Add Compose interview

content/blog/2016-09-21-interview-with-compose.md

+---
+title: Interview with Compose
+created_at: 2016-09-21
+kind: article
+author_name: Brian Brazil
+---
+
+*Continuing our series of interviews with users of Prometheus, Compose talks
+about their monitoring journey from Graphite and InfluxDB to Prometheus.*
+
+
+## Can you tell us about yourself and what Compose does?
+
+[Compose](https://www.compose.com/) delivers production-ready database clusters
+as a service to developers around the world. An app developer can come to us
+and in a few clicks have a multi-host, highly available, automatically backed
+up and secure database ready in minutes. Those database deployments then
+autoscale up as demand increases so a developer can spend their time on
+building their great apps, not on running their database.
+
+We have tens of clusters of hosts across at least two regions in each of AWS,
+Google Cloud Platform and SoftLayer. Each cluster spans availability zones
+where supported and is home to around 1000 highly-available database
+deployments in their own private networks. More regions and providers are in
+the works.
+
+
+## What was your pre-Prometheus monitoring experience?
+
+Before Prometheus, a number of different metrics systems were tried. The first
+system we tried was [Graphite](https://graphiteapp.org/), which worked pretty
+well initially, but the sheer volume of different metrics we had to store,
+combined with the way Whisper files are stored and accessed on disk, quickly
+overloaded our systems. While we were aware that Graphite could be scaled
+horizontally relatively easily, it would have been an expensive cluster.
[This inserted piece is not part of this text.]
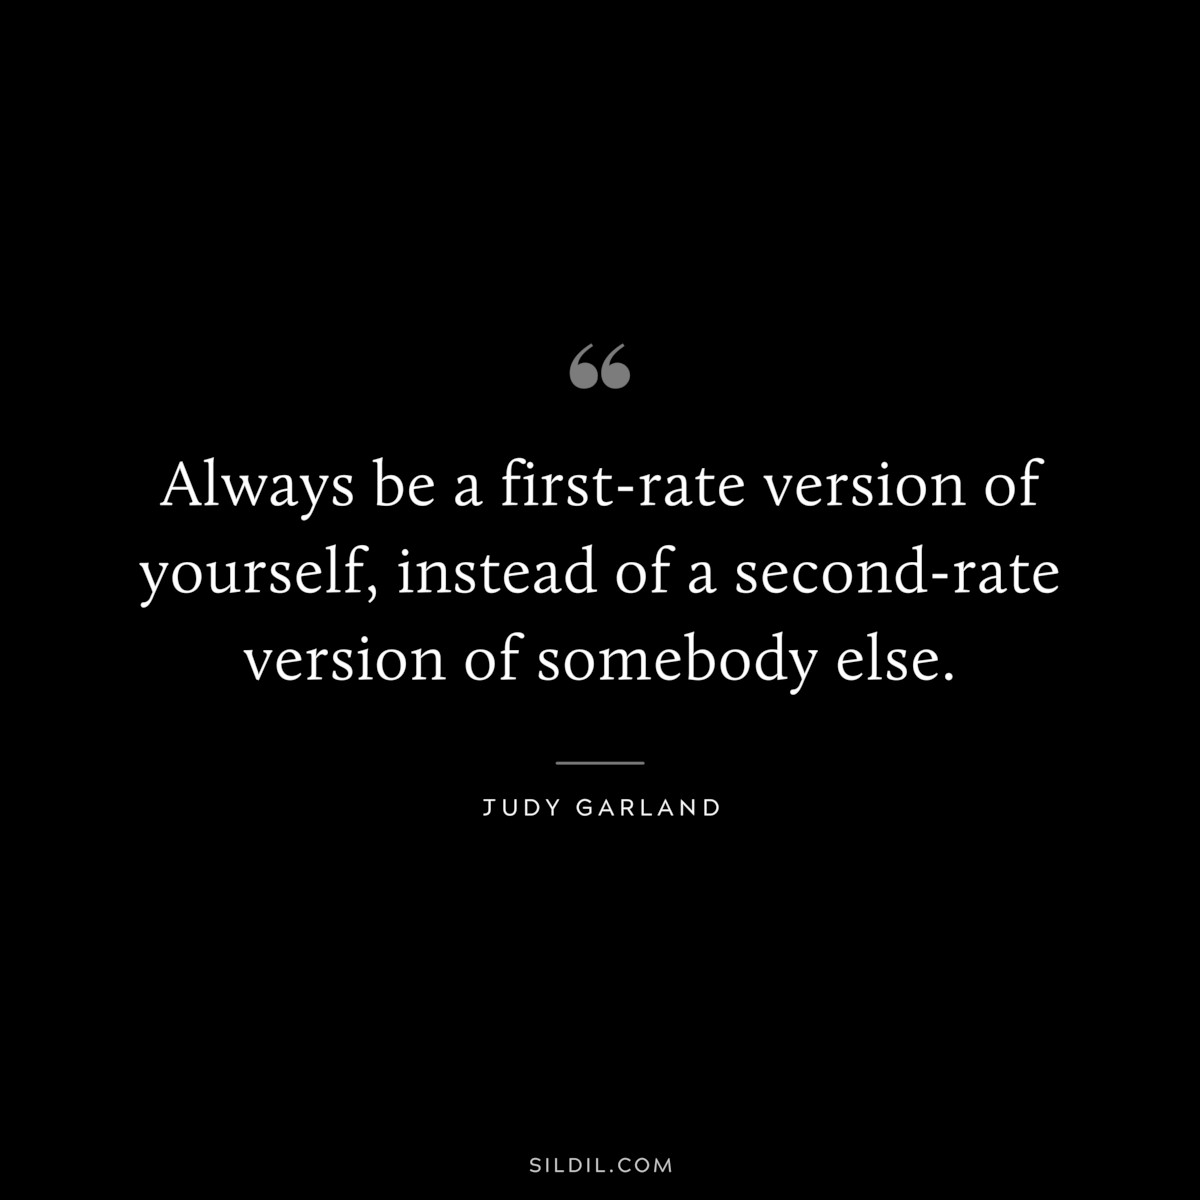 Always be a first-rate version of yourself, instead of a second-rate version of somebody else. ― Judy Garland

+[InfluxDB](https://www.influxdata.com/) looked more promising so we started
+trying out the early-ish versions of that and it seemed to work well for a good
+while. Goodbye Graphite. 
+
+The earlier versions of InfluxDB had some issues with data corruption
+occasionally. We semi-regularly had to purge all of our metrics. It wasn’t a
+devastating loss for us normally, but it was irritating. The continued promises
+of features that never materialised frankly wore on us.
+
+
+## Why did you decide to look at Prometheus?
+
+It seemed to combine better efficiency with simpler operations than other
+options.
+
+Pull-based metric gathering puzzled us at first, but we soon realised the
+benefits. Initially it seemed like it could be far too heavyweight to scale
+well in our environment where we often have several hundred containers with
+their own metrics on each host, but by combining it with Telegraf, we can
+arrange to have each host export metrics for all its containers (as well as its
+overall resource metrics) via a single Prometheus scrape target.
+
+
+## How did you transition?
+
+We are a Chef shop so we spun up a largish instance with a big EBS volume and
+then reached right for a [community chef
+cookbook](https://github.com/rayrod2030/chef-prometheus) for Prometheus.
+
+With Prometheus up on a host, we wrote a small Ruby script that uses the Chef
+API to query for all our hosts, and write out a Prometheus target config file.
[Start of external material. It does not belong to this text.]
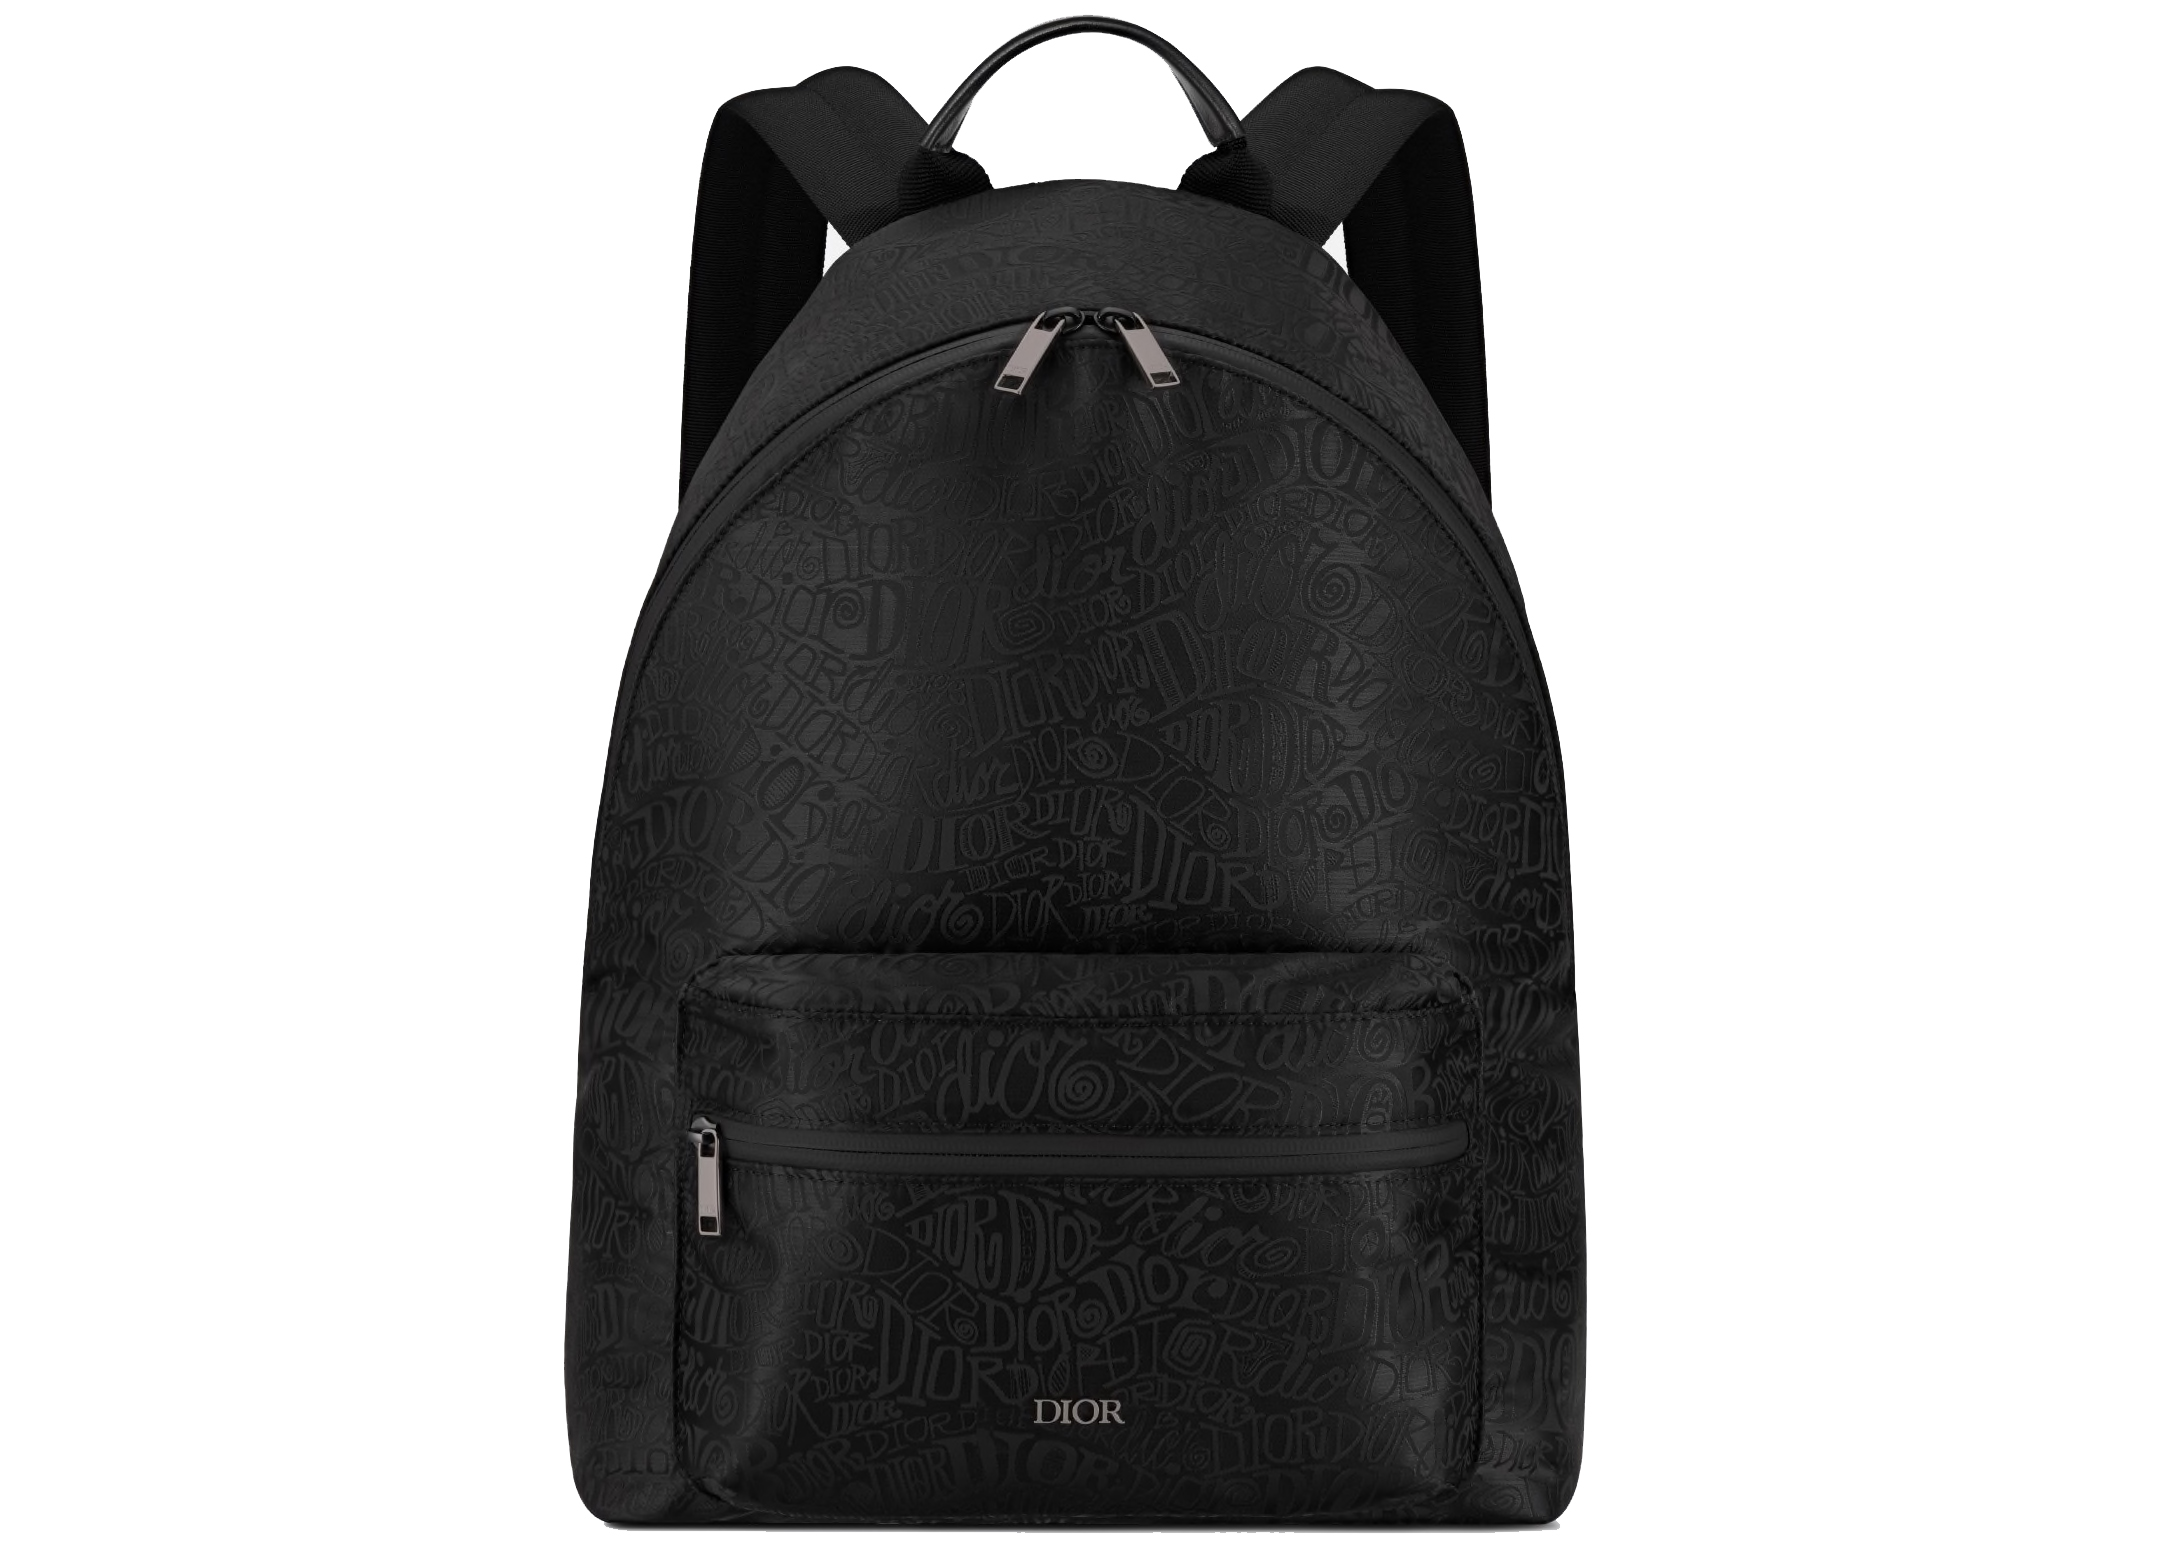 Dior And Shawn Rider Backpack Black

+We use this file with a `file_sd_config` to ensure all hosts are discovered and
+scraped as soon as they register with Chef. Thanks to Prometheus’ open
+ecosystem, we were able to use Telegraf out of the box with a simple config to
+export host-level metrics directly.
+
+We were testing how far a single Prometheus would scale and waiting for it to
+fall over. It didn’t! In fact it handled the load of host-level metrics scraped
+every 15 seconds for around 450 hosts across our newer infrastructure with very
+little resource usage.
+
+We have a lot of containers on each host so we were expecting to have to start
+to shard Prometheus once we added all memory usage metrics from those too, but
+Prometheus just kept on going without any drama and still without getting too
+close to saturating its resources. We currently monitor over 400,000 distinct
+metrics every 15 seconds for around 40,000 containers on 450 hosts with a
+single m4.xlarge prometheus instance with 1TB of storage. You can see our host
+dashboard for this host below. Disk IO on the 1TB gp2 SSD EBS volume will
+probably be the limiting factor eventually. Our initial guess is well
+over-provisioned for now, but we are growing fast in both metrics gathered and
+hosts/containers to monitor.
+
+![Prometheus Host Dashboard](/assets/blog/2016-09-21/compose-host-dashboard.png)
+
+At this point the Prometheus server we’d thrown up to test with was vastly more
+reliable than the InfluxDB cluster we had doing the same job before, so we did
+some basic work to make it less of a single-point-of-failure. We added another
+identical node scraping all the same targets, then added a simple failover
+scheme with keepalived + DNS updates. This was now more highly available than
+our previous system so we switched our customer-facing graphs to use Prometheus
+and tore down the old system.
+
+
+![Prometheus-powered memory metrics for PostgresSQL containers in our app](/assets/blog/2016-09-21/compose-memory-stats.png)
+
+## What improvements have you seen since switching?
+
+Our previous monitoring setup was unreliable and difficult to manage. With
+Prometheus we have a system that’s working well for graphing lots of metrics,
+and we have team members suddenly excited about new ways to use it rather than
+wary of touching the metrics system we used before.
+
+The cluster is simpler too, with just two identical nodes. As we grow, we know
+we’ll have to shard the work across more Prometheus hosts and have considered a
+few ways to do this.
+
+## What do you think the future holds for Compose and Prometheus?
+
+Right now we have only replicated the metrics we already gathered in previous
+systems - basic memory usage for customer containers as well as host-level
+resource usage for our own operations. The next logical step is enabling the
+database teams to push metrics to the local Telegraf instance from inside the
+DB containers so we can record database-level stats too without increasing
+number of targets to scrape.
+
+We also have several other systems that we want to get into Prometheus to get
+better visibility. We run our apps on Mesos and have integrated basic Docker
+container metrics already, which is better than previously, but we also want to
+have more of the infrastructure components in the Mesos cluster recording to
+the central Prometheus so we can have centralised dashboards showing all
+elements of supporting system health from load balancers right down to app
+metrics.
+
+Eventually we will need to shard Prometheus. We already split customer
+deployments among many smaller clusters for a variety of reasons so the one
+logical option would be to move to a smaller Prometheus server (or a pair for
+redundancy) per cluster rather than a single global one.
+
+For most reporting needs this is not a big issue as we usually don’t need
+hosts/containers from different clusters in the same dashboard, but we may keep
+a small global cluster with much longer retention and just a modest number of
+down-sampled and aggregated metrics from each cluster’s Prometheus using
+Recording Rules.
+